This collaboration is an important opportunity to ensure that artificial intelligence and machine learning are developed in ways that enhance, rather than threaten, human rights and civil liberties. We are pleased to have a seat at the table alongside leaders of science and industry, who will shape not only the future of AI, but the future of human society. The ACLU of Massachusetts is proud of our long legacy defending and expanding core civil rights and civil liberties, and we stand ready to champion these core values in the brave new world of intelligent machines.

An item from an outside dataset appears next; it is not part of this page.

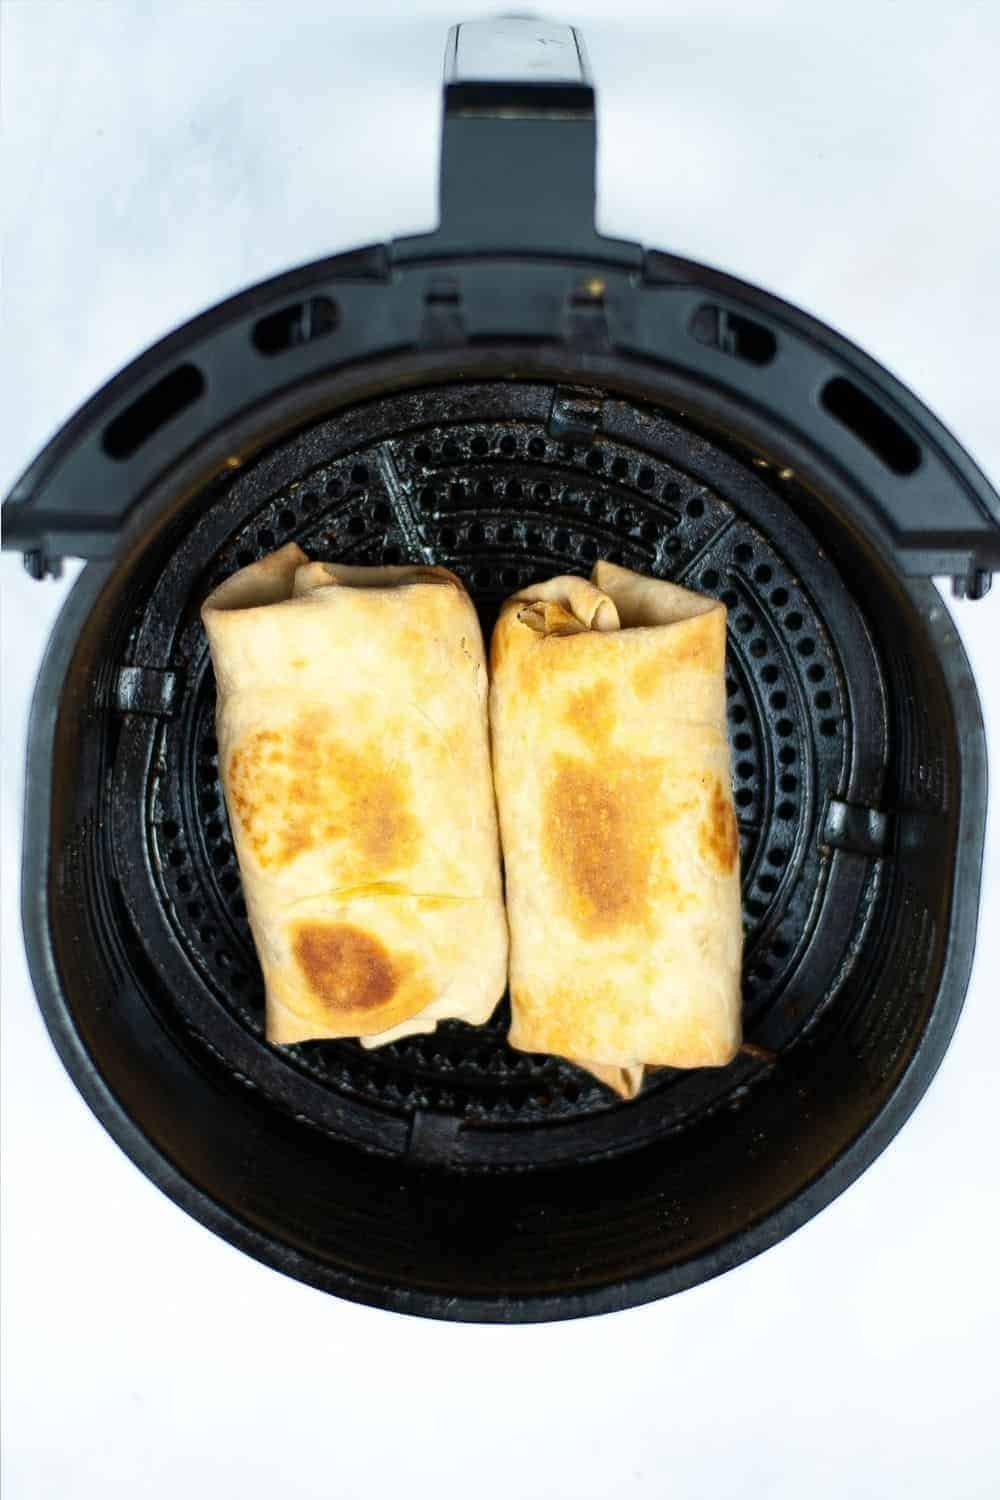 Reheat a Burrito in the Air Fryer

Together, we can ensure that scientific and industry leaders who are coding the future do so in ways that promote equality, justice, and freedom for all people.

Carol Rose is the Executive Director of the ACLU of Massachusetts (www.aclum.org), a nonpartisan organization with over 35,000 members and supporters in Massachusetts (more than 800,000 nationwide) that uses litigation, legislation, media, and organizing to promote civil rights and defend civil liberties.

In 2013, Rose launched the ACLU of Massachusetts’ “Technology for Liberty” project, focusing on the civil liberties implications and promise of new technology. Under Rose’s leadership, the Technology for Liberty project has won significant legal victories, such as strengthening the warrant requirements for government agents seeking to access to digital information, challenging government secret surveillance of political activists, defending the right of people to record the police, and challenging the government’s secret use of the “All Writs Act” against technology companies. In 2015, the Technology for Liberty project was recognized as a leader in the law and technology space when the Ford Foundation and Mozilla selected the ACLU of Massachusetts as a host organization for a groundbreaking program that places technologists from around the world in human rights organizations. Rose is a frequent speaker on technology and civil liberties issues, including the 2014 White House conference on big data privacy at MIT and the 2016 Forum on Data Privacy hosted by the Internet Policy Research Initiative at MIT.

She is a graduate of Stanford University (BSc 1983), the London School of Economics (MSc 1985), and Harvard Law School (JD 1996).